How GraphQL Introspection and Batching Can Lead to Full Account Takeover

TLDR: GraphQL endpoints often expose their entire data model through introspection, which provides a roadmap for attackers to identify sensitive fields and bypass authentication. By combining this with query batching, researchers can brute-force 2FA tokens or trigger denial-of-service conditions by overloading the server with thousands of sub-queries in a single request. Security teams must disable introspection in production and implement strict depth limiting and query cost analysis to prevent these common misconfigurations.

Developers love GraphQL because it solves the over-fetching problem inherent in REST. It gives the client exactly what it asks for, nothing more and nothing less. But from an offensive security perspective, that flexibility is a massive liability. When a backend is configured to allow introspection, it essentially hands an attacker the keys to the kingdom, mapping out every available query, mutation, and data relationship. If you are testing a modern web application, you are likely looking at a GraphQL endpoint that is leaking its entire schema.

The Introspection Trap

Introspection is a feature that allows a client to query the GraphQL schema at runtime. While useful for development, leaving it enabled in production is a critical security misconfiguration. When you hit an endpoint with an introspection query, the server returns a complete map of the data model.

Tools like GraphQL Voyager turn this raw JSON output into a visual graph. For a pentester, this is the reconnaissance phase on steroids. You can see exactly which mutations exist, what arguments they require, and how different nodes are linked. If you see a mutation like updateUserPrice or verify2FAToken, you have found your target. The danger is that developers often assume these internal-facing mutations are protected by obscurity, but the schema makes them public knowledge.

Bypassing 2FA with Query Batching

Once you have the schema, the next step is often exploiting the way the server handles requests. GraphQL supports batching, which allows a client to send an array of queries in a single HTTP request. This is intended to improve performance, but it is a goldmine for broken access control and brute-force attacks.

Consider a standard 2FA verification flow. You submit an email and an OTP. If the server is vulnerable to batching, you can send a single request containing thousands of potential OTPs. If the backend processes these in a loop without rate-limiting, you can brute-force a six-digit code in seconds. The server treats the batch as a single request, often bypassing standard rate-limiting mechanisms that only track the number of HTTP requests rather than the number of operations performed.

You can test for this using BatchQL, a tool designed to identify and exploit batching vulnerabilities. If you see the server returning multiple responses for a single request, you have a high-probability path to an authentication bypass.

mutation {
  first: verifyOTP(input: {code: "1234"}) { success }
  second: verifyOTP(input: {code: "5678"}) { success }
  third: verifyOTP(input: {code: "9012"}) { success }
}

Denial of Service via Directive Overloading

Beyond authentication bypass, GraphQL is uniquely susceptible to resource exhaustion. Directive overloading is a technique where an attacker uses runtime directives like @skip or @include to manipulate the execution path. By nesting these directives or creating complex, circular queries, you can force the server to perform significant computation for a single, small request.

If you send a query that asks for a user, then their friends, then their friends' friends, and so on, you can quickly hit the database hard. If the server does not have a depth limit, this is a trivial way to cause a denial-of-service.
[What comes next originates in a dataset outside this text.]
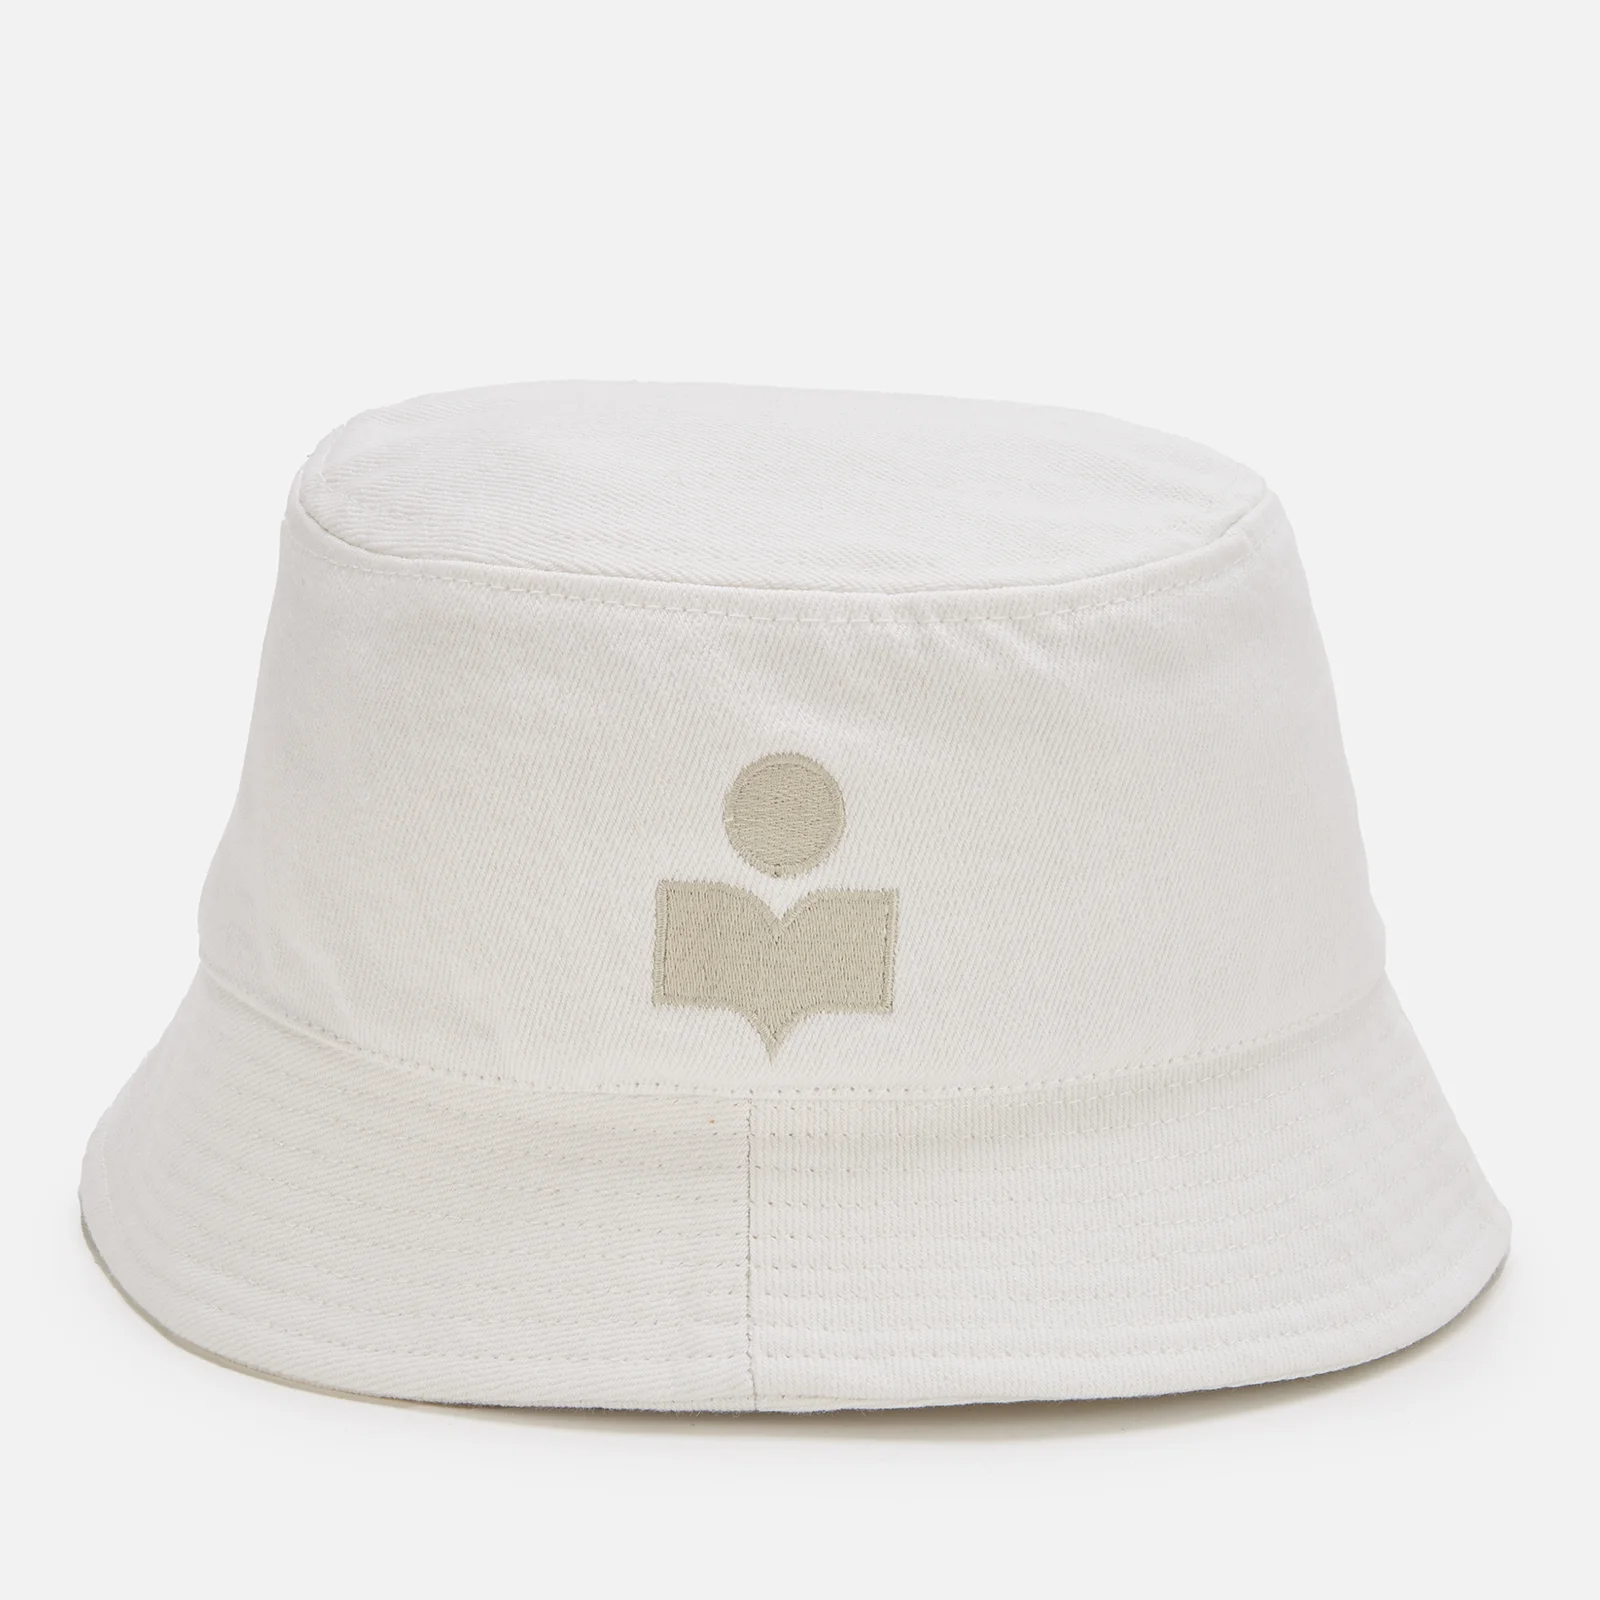 Isabel Marant Women's Haley Denim Bucket Hat - White Image 1

The impact is amplified when combined with batching, as you can trigger multiple expensive operations in one go.

Defensive Hardening

Defending against these attacks requires moving away from the "default-allow" mindset. First, disable introspection in your production environment. There is no reason for a client to know your entire schema structure. Second, implement depth limiting. A query that is ten levels deep is almost certainly malicious or poorly written. Third, use query cost analysis. Assign a "cost" to each field in your schema and reject any query that exceeds a predefined threshold.

Finally, treat batching as a potential attack vector. If your application does not strictly require batching, disable it. If you must keep it, ensure your rate-limiting logic is aware of the number of operations within a batch, not just the number of HTTP requests.

The shift to GraphQL has been rapid, but the security tooling and mindset are still catching up. As a researcher, your focus should be on the schema. If you can map it, you can break it. Start by checking for introspection, then look for batching, and finally, test the limits of the server's resource allocation. Most of the time, you will find that the developers have left the front door wide open.